46.Bölüm(Güne uyanış)

14 2 0
                                    

Yeni bölümden selamlarrrr.
Nasılsınız?
Bölümleri hızlı hızlı atmayı özledim:')
Yoğunum biraz :)
Beni anlayışla karşılayacağınızı biliyorum. (Amin inşallah kdjdjhdh.)Hadi Hadi çok beklemeyin de bölüme geçin hemen.

İYİ OKUMALAR CANLARIMMM💖

....

BÖLÜM ŞARKISI: Kül~Cem Adrian

İyi dinlemeler.

...

Bir kaç gün geçmişti. Bu bir kaç gündür görevler hariç kimseyle görüşememiştik adam gibi. 8 Şubattaydık. Akşam vaktiydi. Yağmur yağıyordu ve kendimi dışarı atmıştım. Siyah kabanım beni ısıtmaya yetiyordu.

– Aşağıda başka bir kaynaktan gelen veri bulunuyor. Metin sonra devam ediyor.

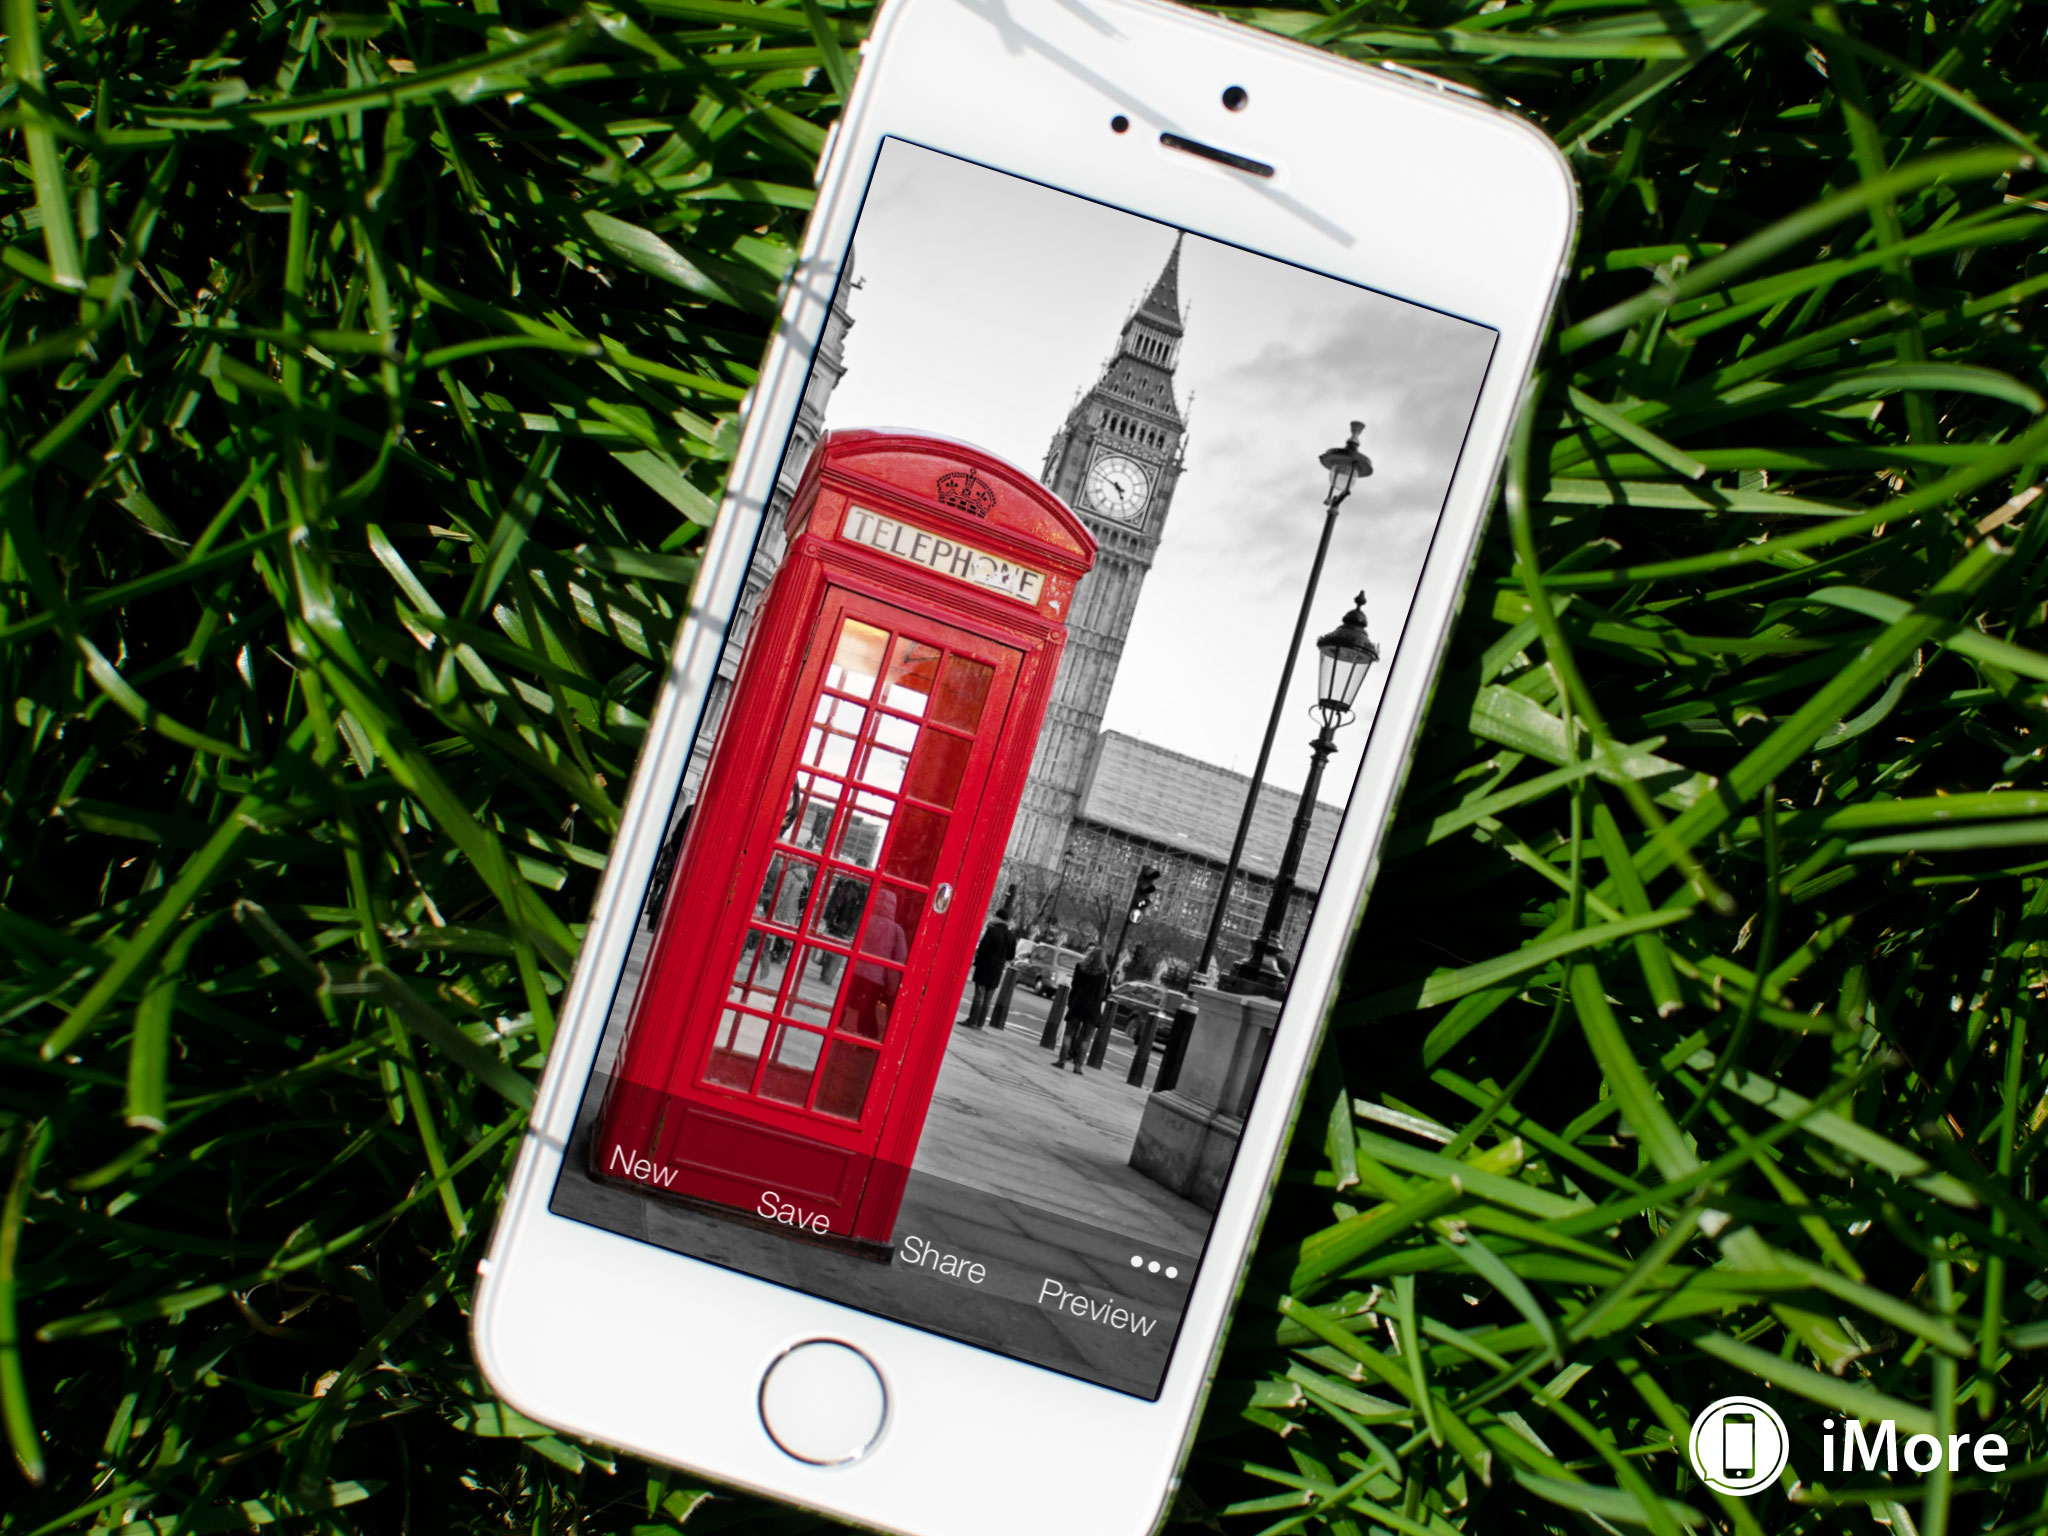 Wallpaper Fix gives you another way to make backgrounds in iOS 7 behave

Gerçi ısınasım yoktu. Üşümeyi seviyordum. Üşüyemediğimde bir gerçek doğrusu. Dayanıklılık meselesi. Düşünüyordum şuan. Temiz hava alıyordum. Toprak kokusu vardı etrafta.

Sanırım bazı şeyleri yanlış yapmıştım. Ölümüne korumak istediklerim başkalarını koruduklarını sandıkları silahla sırtımdan vurdular.

Fakat bilmiyor o.

O kullandığı yalan bilgiler ile kendini yükselteceğini sanmıştı. Fakat bir gün yanlız kalacak. Karanlıkta kalacak.  Dibe çökecek. Umarım o karanlıkta Gece orda olmazdı.

Karanlığın aslını gözlerinde taşıyan Geceyle tanışmayı istememeliydi.

İntikamlar bana göre değildi.

Bile isteye Gece olmaya karar vermemiştim. Fakat olması gereken buymuş. Zaten istihbarat gizliliği için bir isim lazımdı. Kafamı karanlık gökyüzüne doğru çevirdim. Ne kadar karanlık olsa da ayın ışığı parlaklığıyla boy gösteriyordu.

Ay'a ışığını veren şey ise güneşin ışığıydı.

Akşam akşam napıyorum ben ya?

Yürüdüğüm yola baktım. Evden baya uzaklaşmıştım.

Şimdi gelde geri dön.

Düşünüyorumda gerçekten kimseye birşey anlatamıyorum. Kendime bile anlatamıyorum.

Nefes alamıyorum. Nefes alamıyorum.
ULAN GERÇEKTEN ALAMIYORUM.

Köşeye bir yere çöküp nefes almaya çalıştım. Etrafa baktım. Ağaç vardı iki tane. Ağaç. Yaprakları var. Dalları var.

Nefes lütfen.

🖤

Niye bilmiyorum ama kendimi Su'nun evinin kapısının önünde bulmuştum. Ona gidesim gelmişti. Eve gitmek istemiyorsun Anka. Kapıyı çaldım. Su kapıyı açtığında bütün kasvetli havam dağılmıştı.

Ah hayır. Gülemem. Gülersen ölürsün Anka.

Su pembe pijamalarıyla ve uykulu bir hal ile kapıyı açmıştı. Elinde de böğürtlen çayı vardı. Sanırım uyumuştu ve kalkalı çok olmamıştı. Su bu dünyaya pijama ile rezil olmak için gelmişti. Bu konuda kendisinin çok anısı vardı. Huriye buna güldü :D.

"Ne var lan MİT'çi?" dedi elini hayırdır birader der gibi sallayarak.

"Hiiç. Geçiyordum uğradım öyle." dedim.

"O zaman yürü geç içeri. Sırılsıklam olmuşsun zaten. Üstün hep ıslak. Sana da böğürtlen çayı koyuyorum içersin." hızlı hızlı konuşmuş daha ne olduğunu anlamadan beni içeri sokmuş ve elime bir sweatshirt tutuşturmuştu. Kabanımı ve şalımı kaloriferin üstüne koyarken sweet'i beyaz badimin üstüne geçirdim. Sonra ise salona geçtim. Su bana böğürtlen çayını uzattı. "Eyvallah." dedim. "Bizden." dedi cevabıma karşılık, sonrasında yerine oturdu.